A CONVERSÃO DE TEMPO COMUM EM ESPECIAL: MAIS UMA CONTROVÉRSIA ENTRE STJ E TNU

 

Aline Machado Weber

 

A conversão e o fator de conversão de tempo comum ou especial para obtenção de aposentadoria especial ou por tempo de contribuição são questões que ainda trazem grande controvérsia jurisdicional. Até há pouco, o INSS ainda defendia e a jurisprudência recalcitrava quanto à utilização de fatores diferenciados para a conversão de tempo especial em comum, a depender do período em que o labor foi desenvolvido. O STF, em recente decisão, foi instado a se manifestar, mais uma vez e desta feita em sede de repercussão geral, sobre a possibilidade ou não de conversão do tempo de magistério.[1]

No que toca à conversão de tempo especial em comum, já se pacificou, com acerto, tanto sua possibilidade como o fator de conversão a ser observado, o qual deve levar em conta as regras afetas ao benefício postulado. Entende-se, pois, que se aplica a legislação da época da prestação dos serviços para a verificação da natureza – especial ou comum – do tempo de serviço prestado, ao passo que a conversão se rege pela legislação da época da concessão da aposentadoria. Daí porque, caso exercido labor tido como especial e que ensejaria aposentadoria especial aos 25 anos, o fator de conversão será de 1,4 para homens – o que deduz da proporção 35/25 – e 1,2 para mulheres – também em decorrência da proporção dos 30 anos de labor necessários para aposentadoria por tempo de contribuição em face dos 25 anos necessários caso se esteja diante de aposentadoria especial -.[2]

Questão que ainda se coloca, porém, diz justamente com o exercício contrário: a possibilidade ou não de se converter tempo de labor comum, ou seja, não exercido com submissão a condições especiais, em tempo fictamente especial, para o fim de preencher os requisitos legais necessários à obtenção de benefício de aposentadoria especial.

Até 1995, essa conversão “ao contrário” constava expressamente da legislação previdenciária. O Decreto nº 89.312, em seu artigo 35, § 2º, permitia tanto a conversão de tempo de serviço comum em especial e de especial em comum. Assim:

Art. 35. A aposentadoria especial é devida ao segurado que, contando no mínimo 60 (sessenta) contribuições mensais, trabalhou durante 15 (quinze), 20 (vinte) ou 25 (vinte e cinco) anos pelo menos, conforme a atividade profissional, em serviço para esse efeito considerado perigoso, insalubre ou penoso em decreto do Poder Executivo.

 

§ 2º O tempo de serviço exercido alternadamente em atividade comum e em atividade que seja ou venha a ser considerada perigosa, insalubre ou penosa é somado, após a respectiva conversão, segundo critérios de equivalência fixados pelo MPAS, para efeito de qualquer espécie de aposentadoria.

 

Da mesma forma, a Lei nº 8.213/91, na redação original do art. 57, §3º, dispunha que o tempo de serviço exercido alternadamente em atividade comum e em atividade profissional sob condições especiais que fossem ou viessem a ser consideradas prejudiciais à saúde ou à integridade física seria somado, após a respectiva conversão, segundo critérios de equivalência estabelecidos pelo Ministério do Trabalho e da Previdência Social, para efeito de qualquer benefício.

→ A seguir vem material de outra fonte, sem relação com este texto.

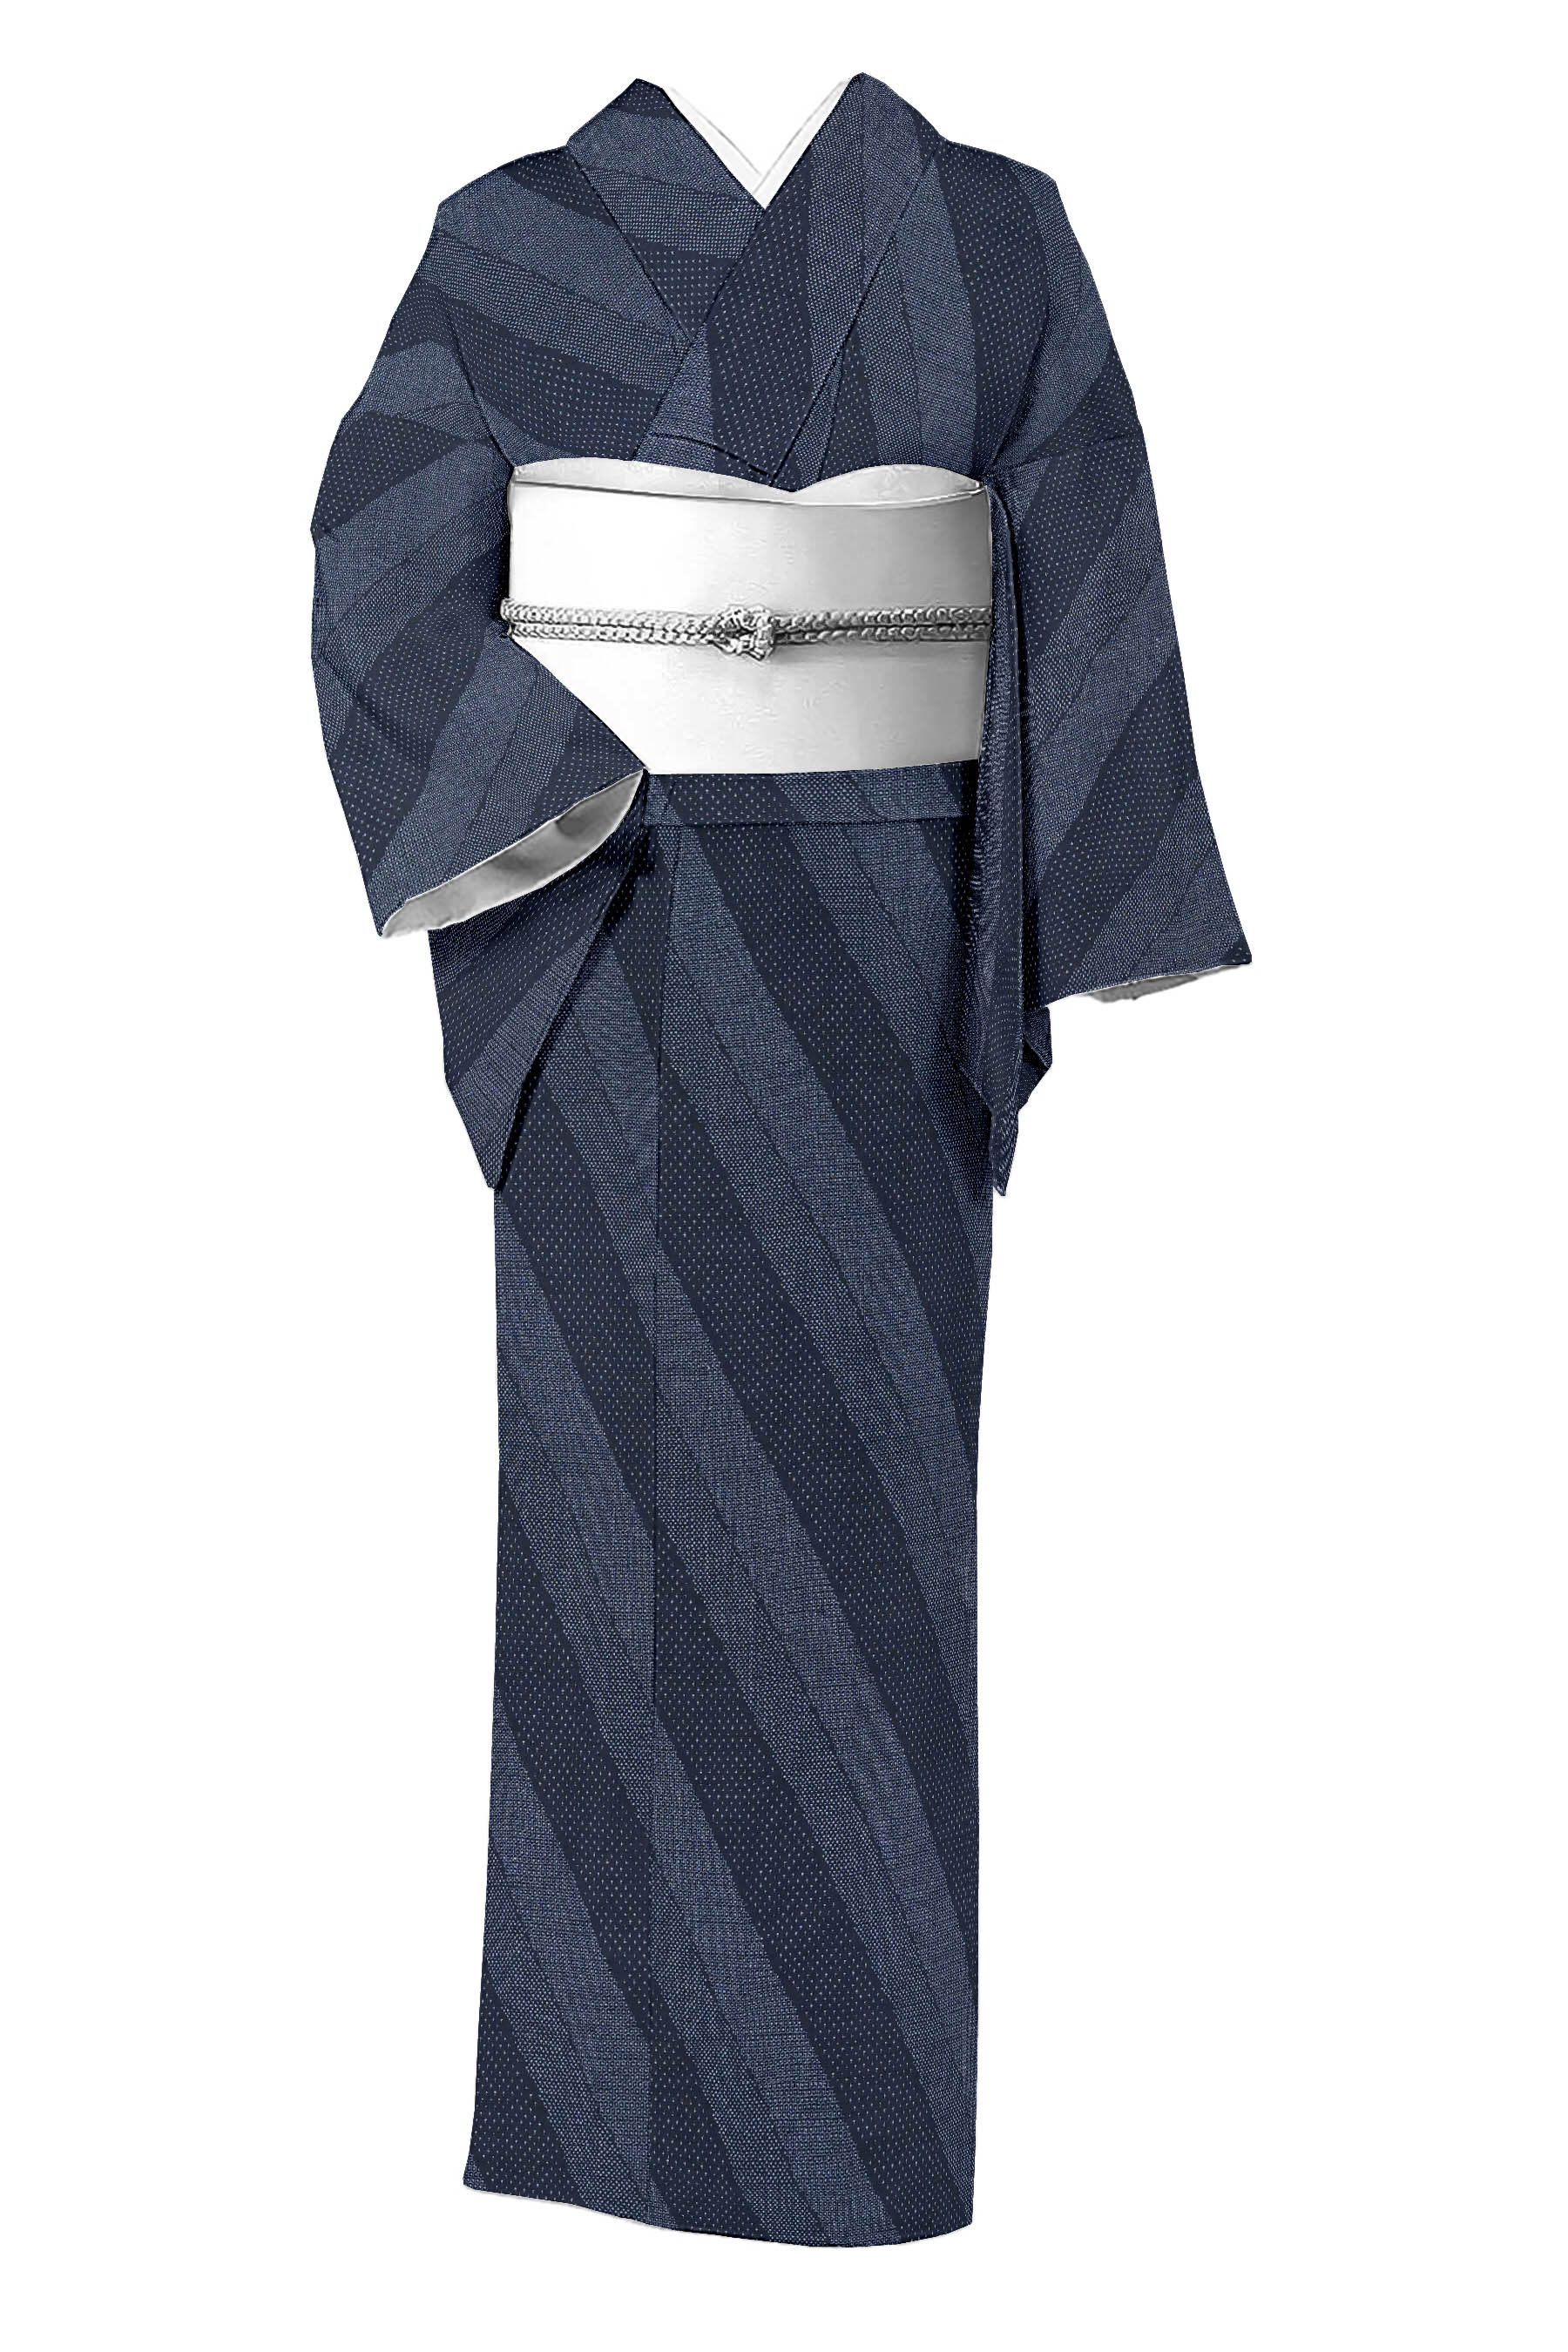 レトロモダンさらりと纏う 本塩沢紬のお着物 - 着物

Em 29.04.1995, porém, a Lei nº 9.032, ao alterar profundamente as feições da aposentadoria especial, modificou a redação daquele dispositivo, passando a vedar a conversão de tempo de serviço comum em especial para fins de concessão de aposentadoria especial. Assim:

Art. 57. (...)

§ 3º A concessão da aposentadoria especial dependerá de comprovação pelo segurado, perante o Instituto Nacional do Seguro Social-INSS, do tempo de trabalho permanente, não ocasional nem intermitente, em condições especiais que prejudiquem a saúde ou a integridade física, durante o período mínimo fixado.  (...)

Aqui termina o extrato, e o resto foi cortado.